= STORED DATA =
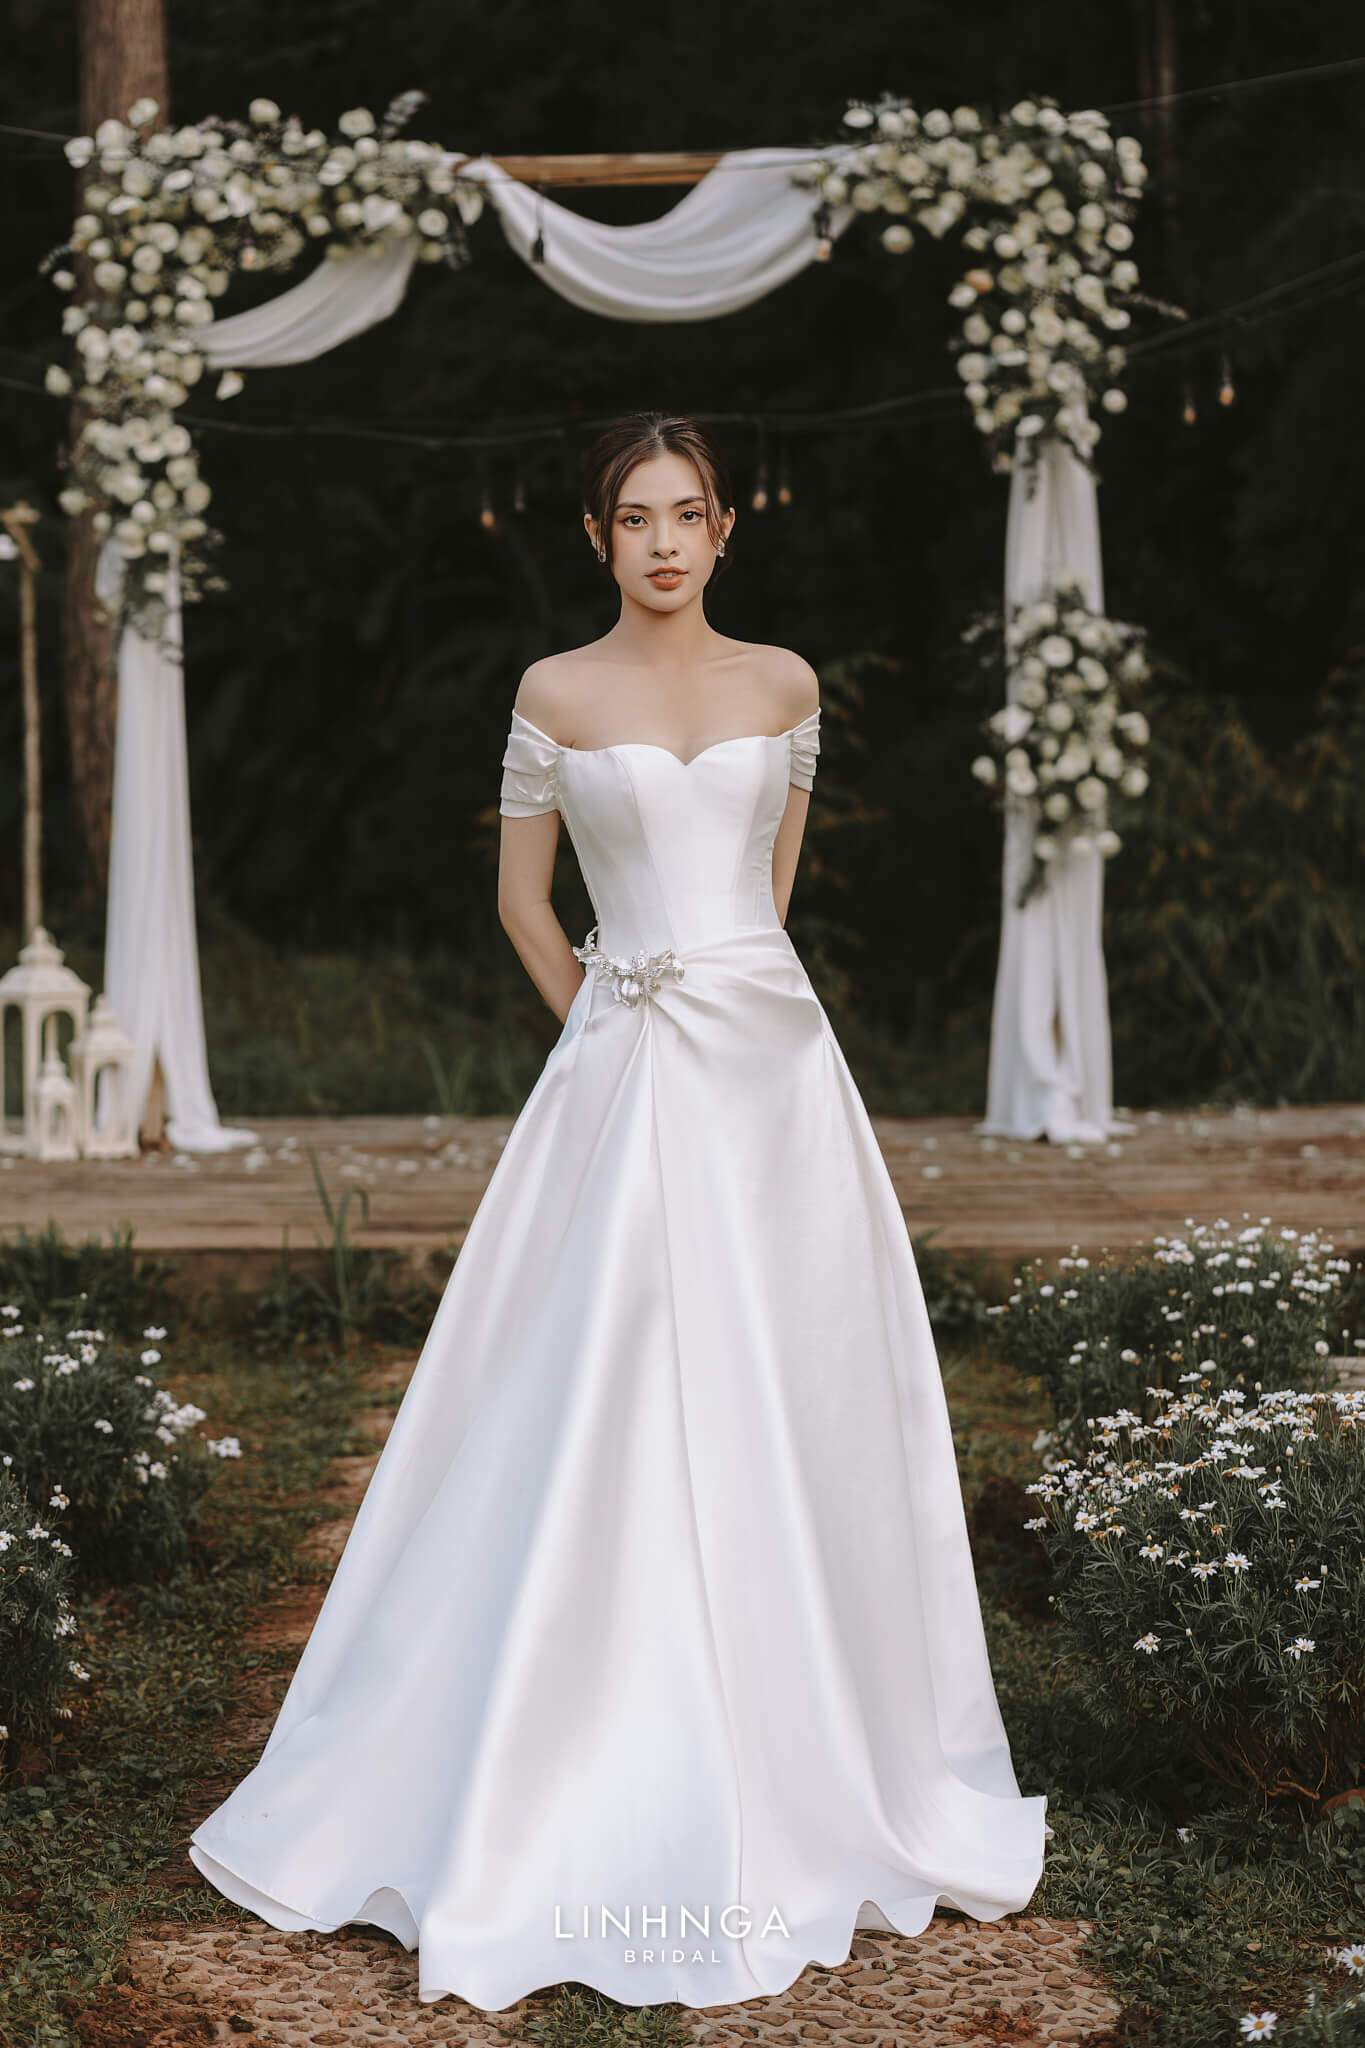 Váy cưới của 3 cô dâu tháng 11 Đông Nhi - Bảo Thy - Giang Hồng Ngọc: Người  dịu dàng, người lộng lẫy choáng ngợp, người chẳng ngại sexy
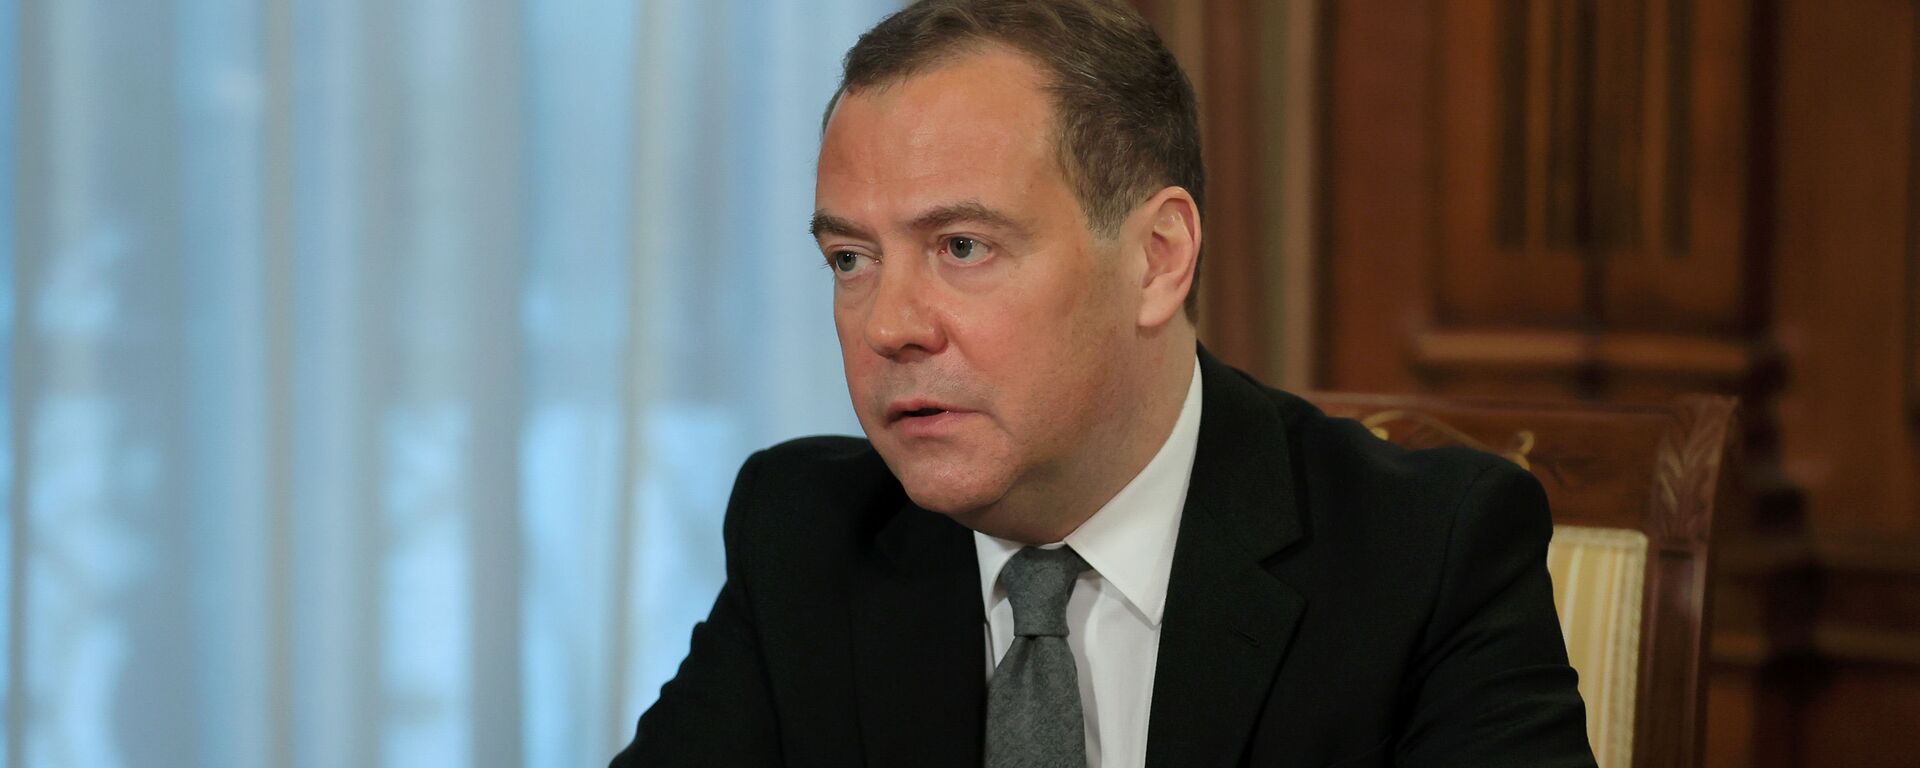 Заместитель председателя Совбеза РФ Д. Медведев дал интервью российским СМИ - Sputnik Аҧсны, 1920, 01.02.2021
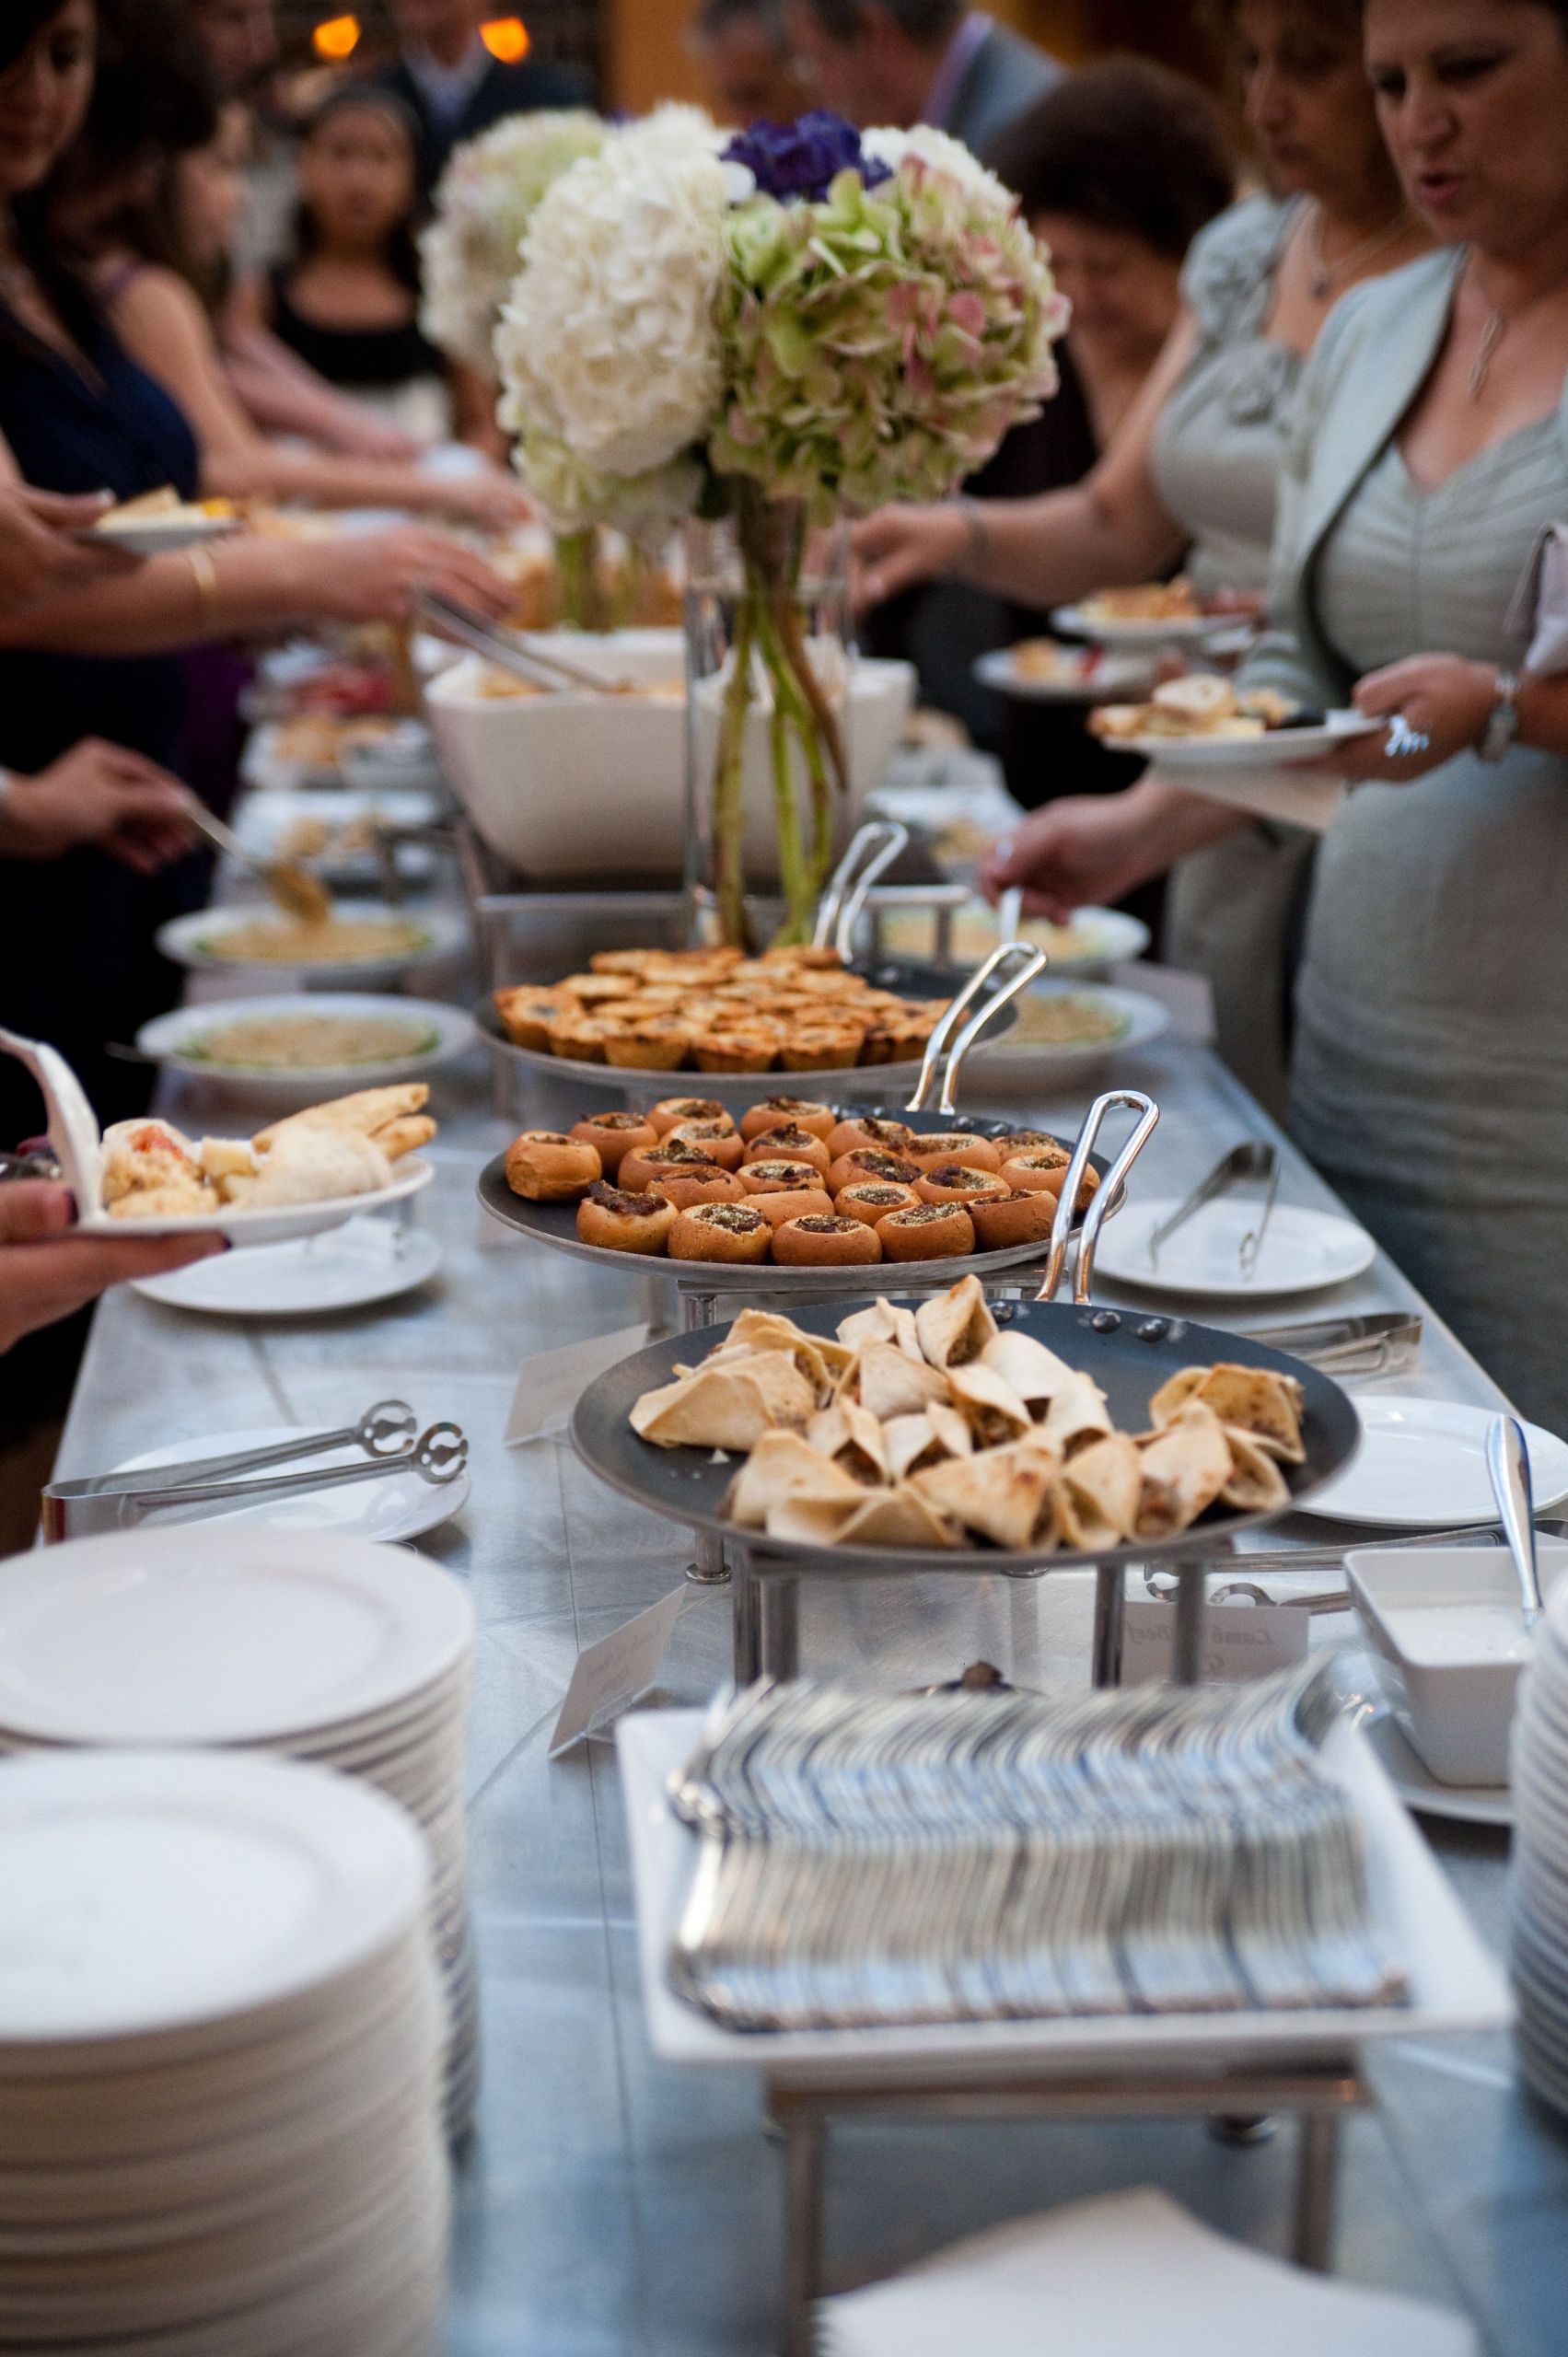 Wedding Buffet Menu Ideas DIY
 HAVE A WEDDING RECEPTION THAT’S ALL YOU

= ASSIGNED TASK =
Beginning at the line that contains "Заместитель председателя Совбеза" and ending at the last line of the data, return each line exactly; no picture belongs in the copy.

= EXPECTED ANSWER =
 Заместитель председателя Совбеза РФ Д. Медведев дал интервью российским СМИ - Sputnik Аҧсны, 1920, 01.02.2021
 Wedding Buffet Menu Ideas DIY
 HAVE A WEDDING RECEPTION THAT’S ALL YOU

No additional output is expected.